KEYWORDS: Indigenous Intelectual; Liberation Theology; Amazonia; Autoethnography.


INTRODUÇÃO

Nas últimas décadas, na América Latina, tem crescido cada vez mais o número e a importância dos intelectuais indígenas1 atuando junto às suas comunidades. Ainda que em geral eles estejam também ligados a outras instituições e ao Estado, e por isso mesmo vivam em meio a dois (ou mais) mundos com interesses diferentes ou até antagônicos, o fato de serem intelectuais e líderes nativos é um fenômeno novo e interessante a ser observado. Até porque sua atuação tem desdobramentos políticos bem diferentes daqueles resultantes das dinâmicas anteriores. Não é uma revolução, mas é algo que aponta minimamente no rumo de um projeto de maior autonomia indígena.

Aqui tratarei dos indígenas que conseguem formação acadêmica e posição de referência em instituições com alta incidência sobre a sociedade em geral, e a partir daí desenvolvem, junto às comunidades e organizações indígenas, ações político-educativas voltadas para o fortalecimento da autonomia indígena, como a garantia de seus territórios, a proteção dos recursos naturais e a educação indígena, por exemplo.

Minha visão de intelectual indígena neste artigo se aproxima do conceito de “intelectual orgânico”, desenvolvido por Gramsci que, por sua vez, seguia a tradição de Marx, para quem o intelectual deveria desvendar as contradições da sociedade capitalista e se colocar ao lado dos injustiçados, na sua luta revolucionária rumo a uma sociedade alternativa e verdadeiramente democrática (Semeraro, 2006). Para Gramsci, o intelectual orgânico, diferente do tradicional que se acredita neutro, mantém de forma consciente os vínculos com sua classe e seus movimentos políticos e culturais. Ele a ajuda de forma decisiva com ações culturais, educativas e organizativas em vista do avanço do projeto coletivo de dirigir a sociedade, superando as antigas relações de dominação (Semeraro, 2006).

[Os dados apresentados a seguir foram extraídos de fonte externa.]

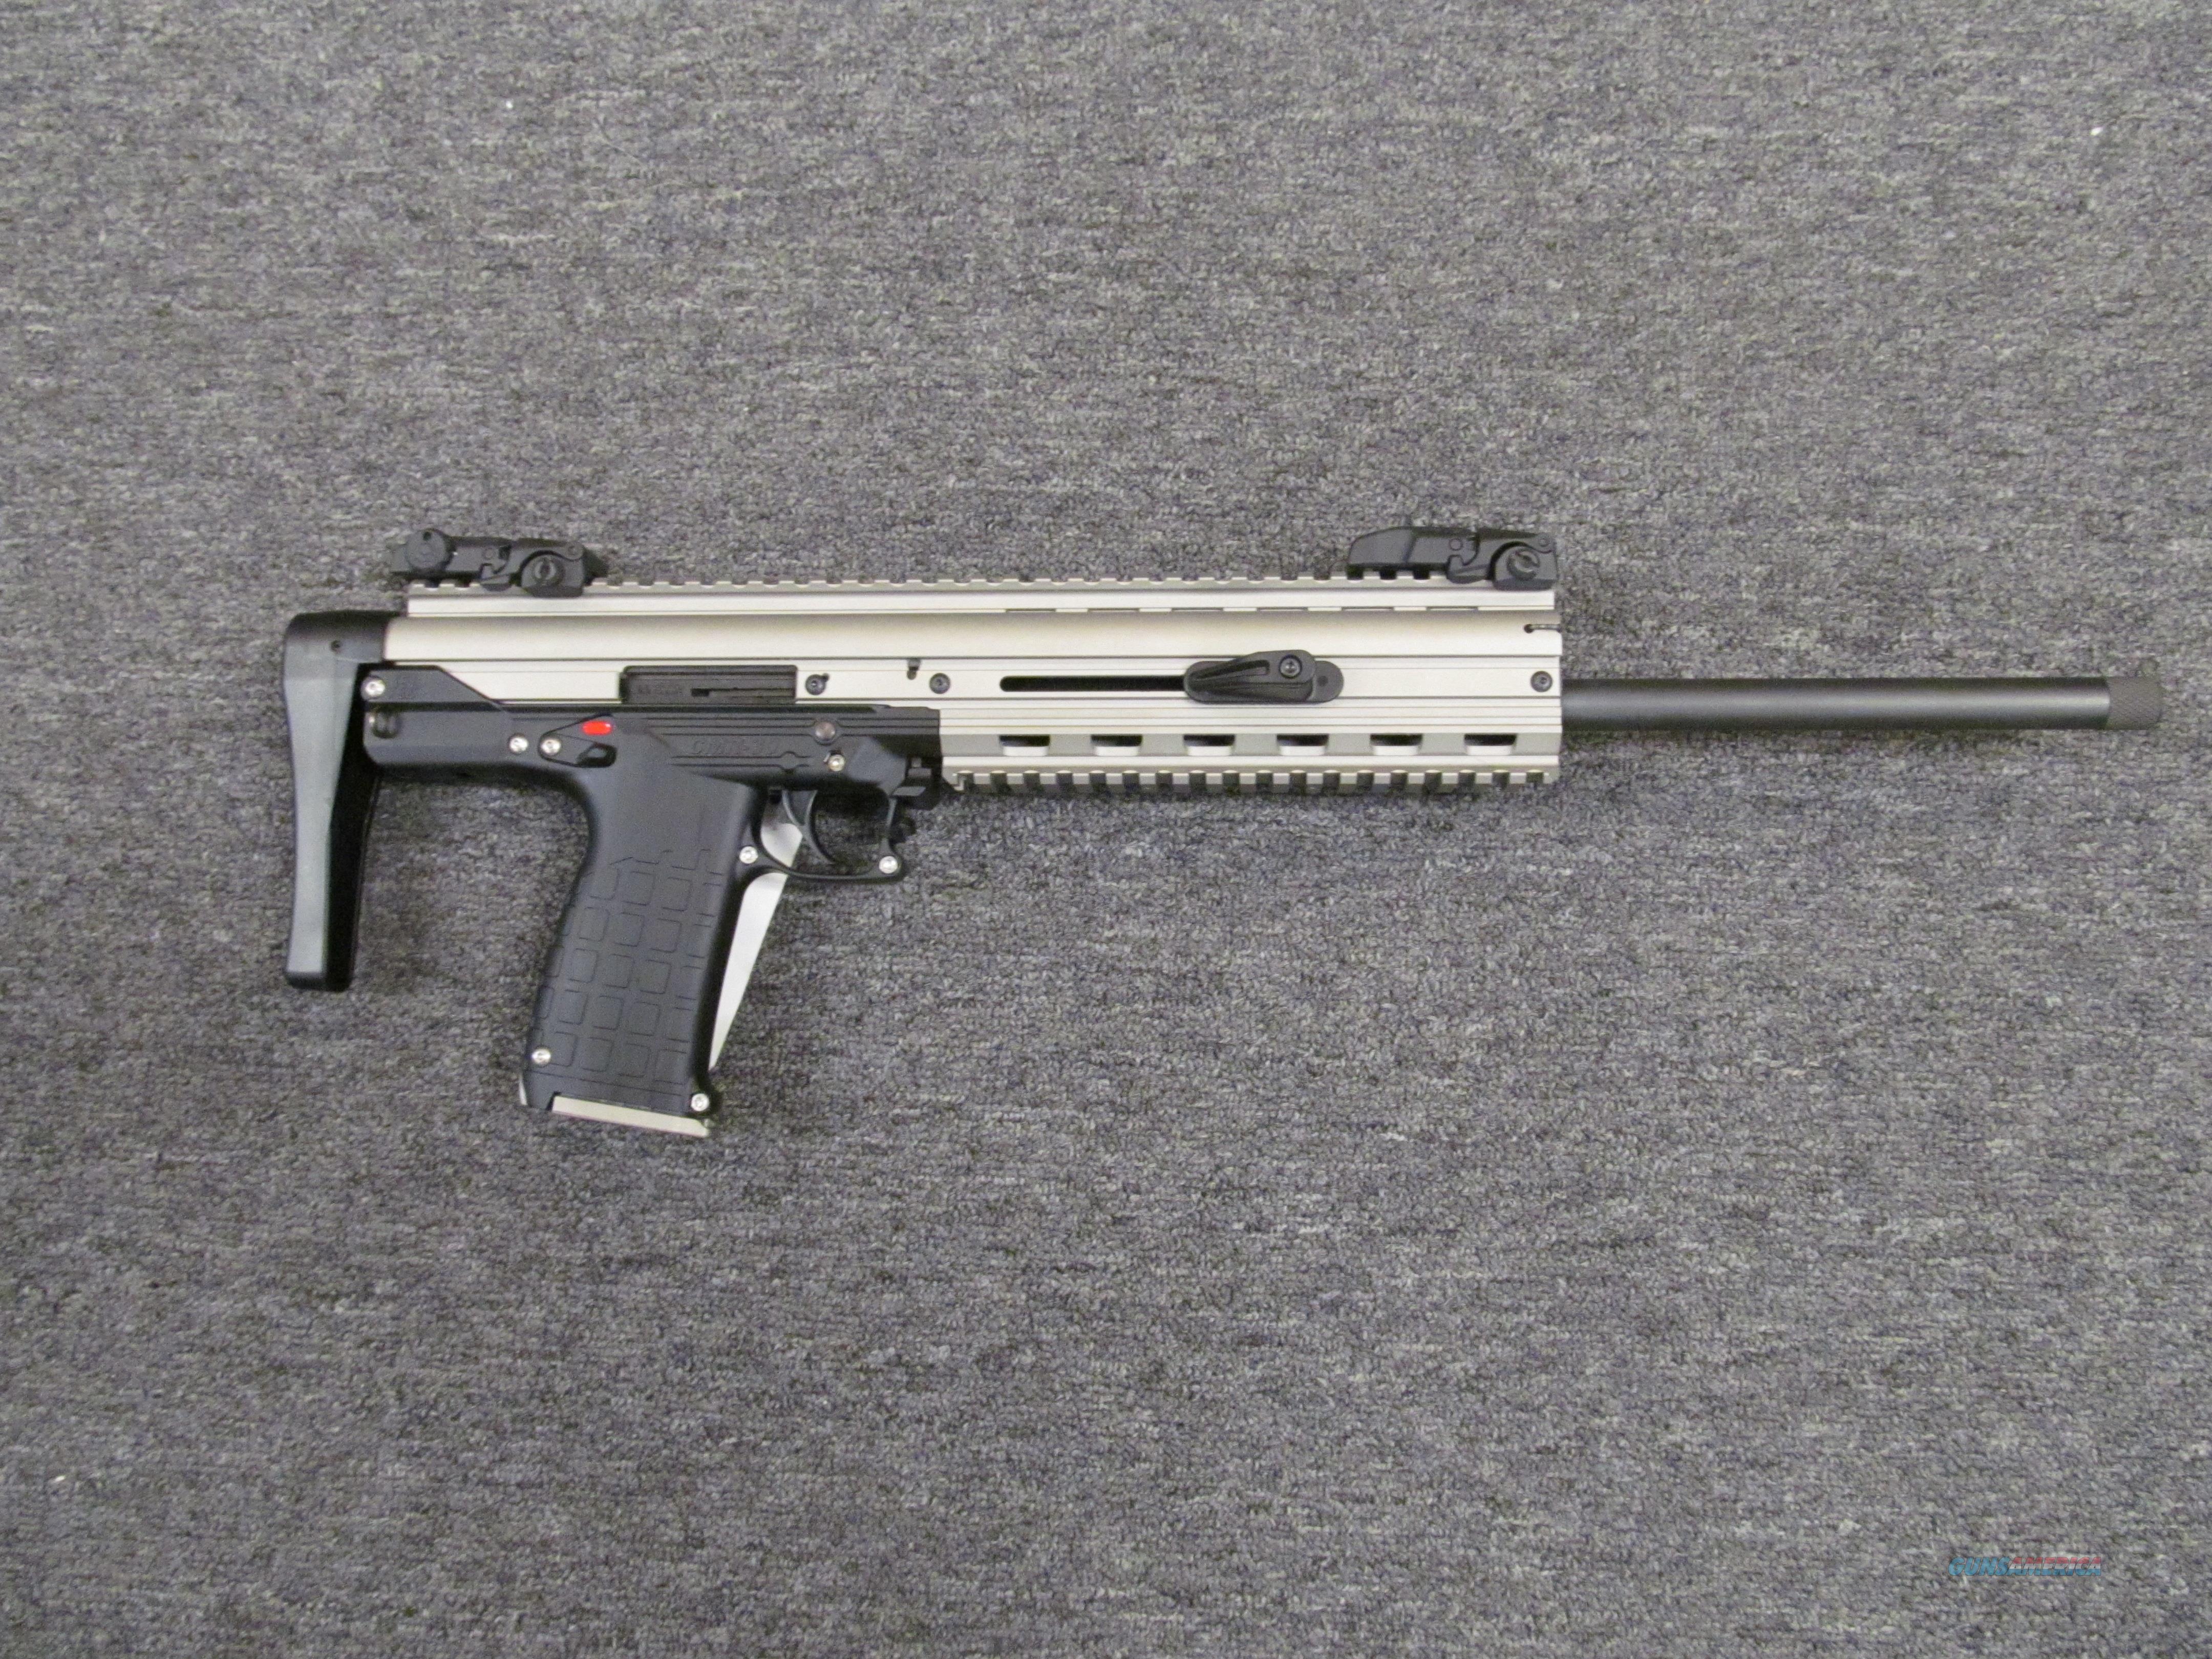 Kel-Tec CMR-30  Guns > Rifles > Kel-Tec Rifles

No nosso caso, o vínculo do intelectual indígena se dá com seu povo e suas organizações. Mas é preciso considerar também as especificidades do projeto coletivo dos povos indígenas, que não almejam, por exemplo, tomar o poder ou dirigir a sociedade toda, mas viver em países onde diferentes mundos ou culturas possam coexistir de forma respeitosa, como afirmam os zapatistas no México (Benzaquén e Benzaquén, 2015).

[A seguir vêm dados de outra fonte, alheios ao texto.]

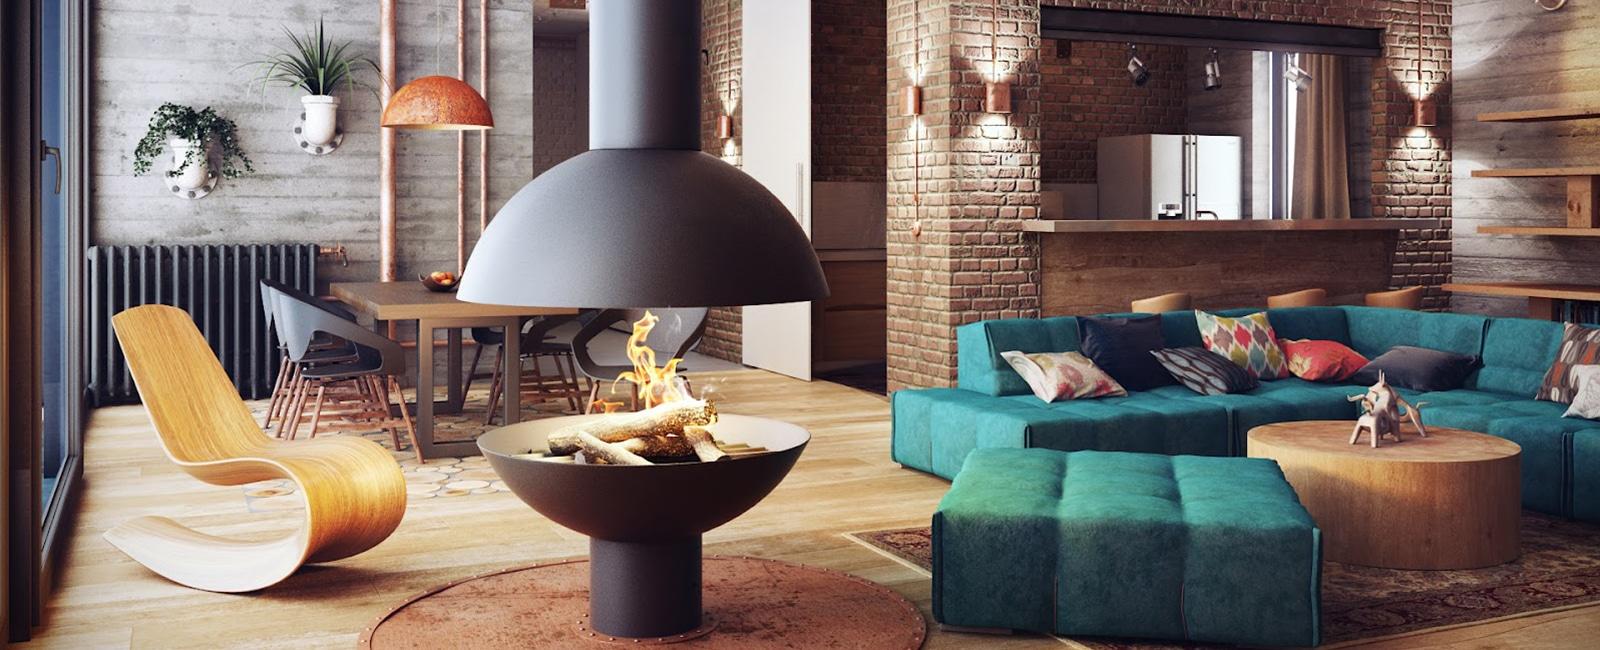 Style industriel : meubles et objets de décoration

Como tem sido a trajetória desses intelectuais, e como se deu o seu acesso ao mundo acadêmico ou a outras instituições externas a partir das quais ganharam visibilidade? Quais as motivações ideológicas para as suas escolhas? Como foi o seu retorno à sua comunidade ou às organizações indígenas?... Certamente as respostas são muitas e diferentes, pois os processos têm sido distintos. Gostaria de contribuir com a resposta a estas questões, colocando a minha própria história, como ativista indígena, professor universitário de antropologia e frade franciscano2. Falarei de como a Teologia da Libertação (TL) entrou no curso da minha vida e ajudou a definir as minhas escolhas. Esta corrente da teologia cristã latino-americana, que condenava o capitalismo e defendia profundas transformações na sociedade, teve grande influência em setores da igreja católica (Löwy, 2000), principalmente nas áreas rurais e periferias das metrópoles na América Latina, entre os anos ‘70 e ‘903.

Do ponto de vista da metodologia, meu relato pode ser visto como uma autoetnografia (Versiani, 2002)4, um texto sobre um indivíduo (seu discurso e suas práticas) na sua relação com seu contexto político-cultural. Sendo este texto escrito pelo próprio sujeito etnografado, é preciso pensar para além da dicotomia sujeito vs. objeto e no rumo de novas possibilidades de fazer ciência sobre os processos sociais. Ainda mais agora, que cresce o número de nativos fazendo etnografias sobre suas próprias culturas. Mas não estou abdicando de toda objetividade, baliza necessária nestas reflexões. Este esforço de pensar teoricamente minha própria atuação como antropólogo começou na pesquisa do doutorado (Vaz Filho, 2010), e aqui avanço ainda um pouco mais, sempre considerando outros elementos além de minha própria visão dos fatos.

Devo explicar que além de pesquisador, eu sou também um nativo e um dos principais líderes do movimento indígena na região do baixo rio Tapajós, no Estado do Pará, na Amazônia brasileira. Assim, este meu escrito vale como um testemunho que deixo para outros estudiosos interessados em compreender como se forjaram os intelectuais indígenas na América Latina no final do século XX. Além do mais, ciência e ativismo indígena estão mesmo bem interligados em minha trajetória. Meu encontro com as Ciências Sociais e com a pesquisa marcou também o início da minha atividade política como indígena. Minha trajetória como intelectual está intimamente ligada com a história da organização indígena na região onde vivo. Por isso, falar desta é falar daquela também.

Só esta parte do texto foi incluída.